When you don't put the () in, the precendence can get confusing
and you arbitrarily prevent the first arg to start with a "("
(otherwise it will treat that "(" as what starts the argument
list).

Why do people feel the need to drop the ()? I didn't like it
in Perl and I don't like it in Ruby. Do people just want
something that is kind of like shell syntax?

Less typing, uniform access, etc. Good news is that if one does
want to use parens, one is welcome to not do so.

E
 
A

Austin Ziegler

I wish Ruby didn't make the () optional when passing args
(probably from Perl which wanted to be like shells/tcl/lisp where
command/function and arguments are space separated).
=20
When you don't put the () in, the precendence can get confusing
and you arbitrarily prevent the first arg to start with a "("
(otherwise it will treat that "(" as what starts the argument
list).
=20
Why do people feel the need to drop the ()? I didn't like it in
Perl and I don't like it in Ruby. Do people just want something
that is kind of like shell syntax?

I use it in PDF::Writer because it makes certain parts feel more
like a DSL (domain specific language) than a program.

When I release this (later this week, I *hope*), it'll be visible in
the quickref code.

-austin
--=20
Austin Ziegler * (e-mail address removed)
* Alternate: (e-mail address removed)
 
J

Jamis Buck

I use it in PDF::Writer because it makes certain parts feel more
like a DSL (domain specific language) than a program.

And that is _precisely_ why I like the technique as well. It is
wonderful for making a Ruby program read (more or less) like a domain
document. And when ambiguity raises its ugly head, I can always throw
in the parens to disambiguate.

But as someone else pointed out, if you don't like it, no one is
forcing you to drop the parens in your own programs. Choose the
technique that works best for you.

- Jamis
 
C

Charles Hixson

ES said:
Less typing, uniform access, etc. Good news is that if one does
want to use parens, one is welcome to not do so.

E
Uniform access could have been achieved if only () was made optional.
(A good choice in my mind.) OTOH, I'm not that happy with optional
parenthesis where the parameters are required.
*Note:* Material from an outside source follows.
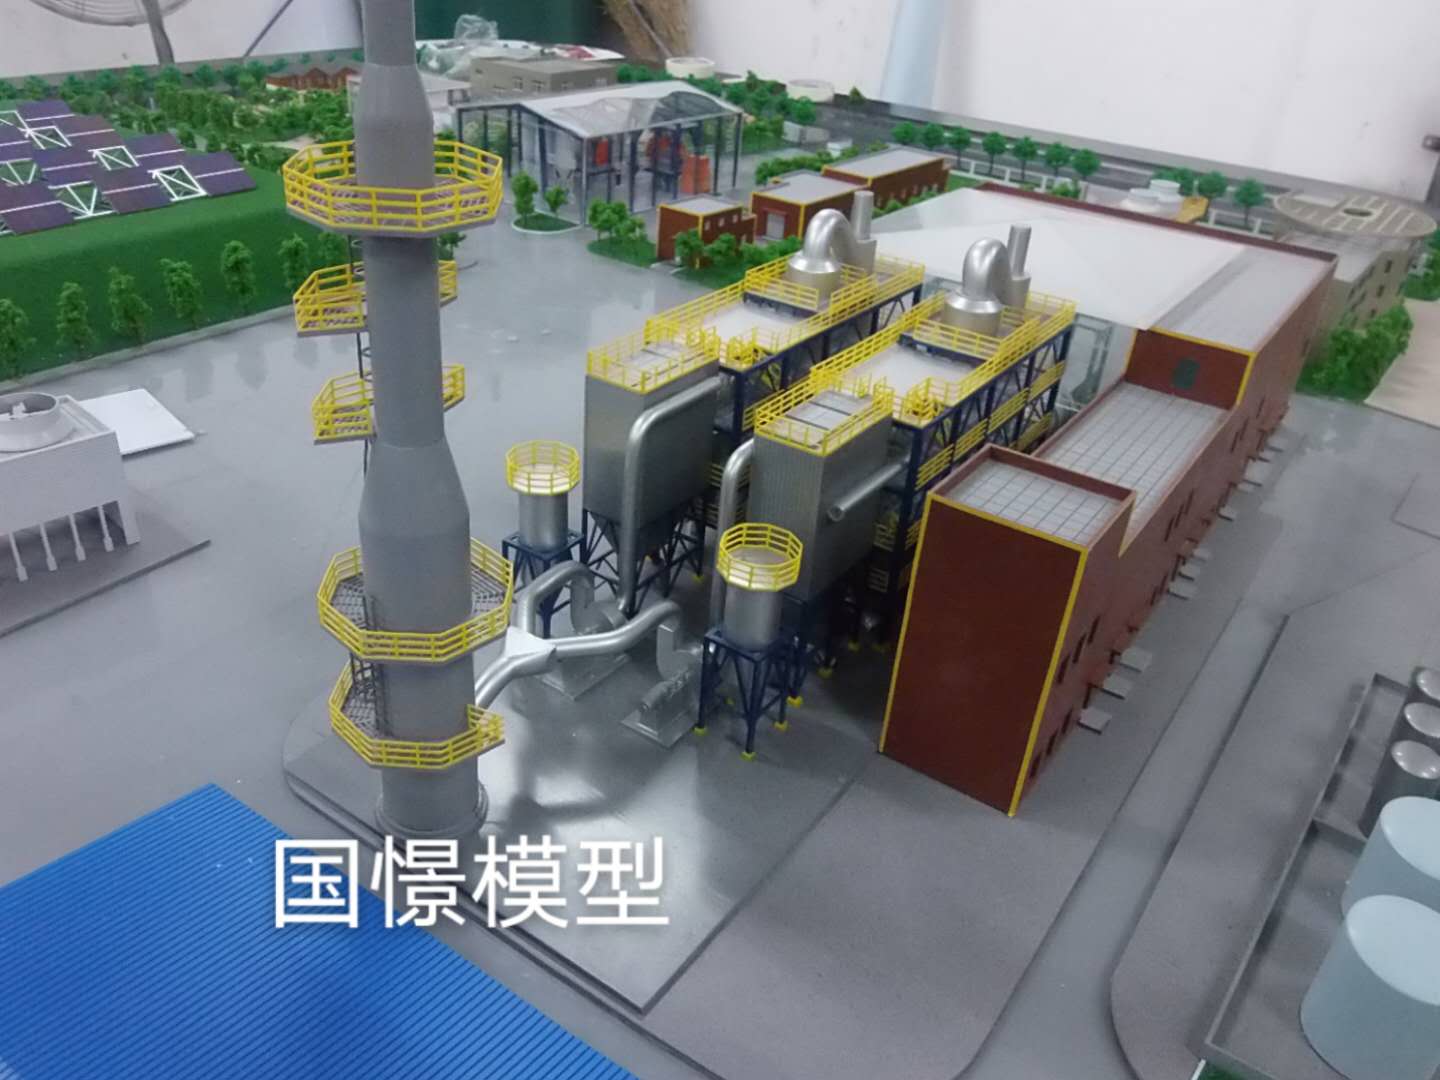 重庆工业模型

To me that feels like a
bad design choice. (And with some type faces the difference between
(stuff) and {stuff} isn't all that obvious. But that's a font
problem...mainly.)
 
E

Eric Mahurin

--- Jamis Buck said:
And that is _precisely_ why I like the technique as well. It
is
wonderful for making a Ruby program read (more or less) like
a domain
document. And when ambiguity raises its ugly head, I can
always throw
in the parens to disambiguate.

But as someone else pointed out, if you don't like it, no one
is
forcing you to drop the parens in your own programs. Choose
the
technique that works best for you.

When I first starting using Perl (v4) I thought it was neat
that I didn't need the parens, but then I got burned a few
times when I needed parens in the first arg. Then I realized
what an ugly hack at in the syntax this was. This was a bad
thing that was brought over from perl. Consider the following
method calls:

1. f a , b # OK
2. f a , (b) # OK
3. f (a)+0, b # *** now (a) looks like the args to f***
4. f 0+(a), b # putting in the 0+ prevented the problem above

The problem is if you start with #1, you may eventually need
for the the first arg to be some expression and you run into
#3.

For comparision here ways that some languages make
function/method/procedure/command calls:

function/method/procedure/command: f
arguments: a, b

`f a b` shells (bash also supports "$(f a b)")
[f a b] tcl
(f a b) lisp
f(a,b) most other languages including perl and ruby
f a,b alternate for perl and ruby

The problem is that perl/ruby support both of the last 2 forms.
This results in ambiguity if you are trying to use the last
form, but need argument "a" to start with a "(". The () form
wins the ambiguity in this case. The "f a,b" form could have
worked more cleanly if the "f(a,b)" form wasn't supported
(you'd have to group with "(f a,b)"). But since perl/ruby
supports both and the f(a,b) form wins ambiguities, the f a,b
form looks to work inconsistently. On top of that you have to
think about precedence more closely (what started this thread).

just my 2 cents.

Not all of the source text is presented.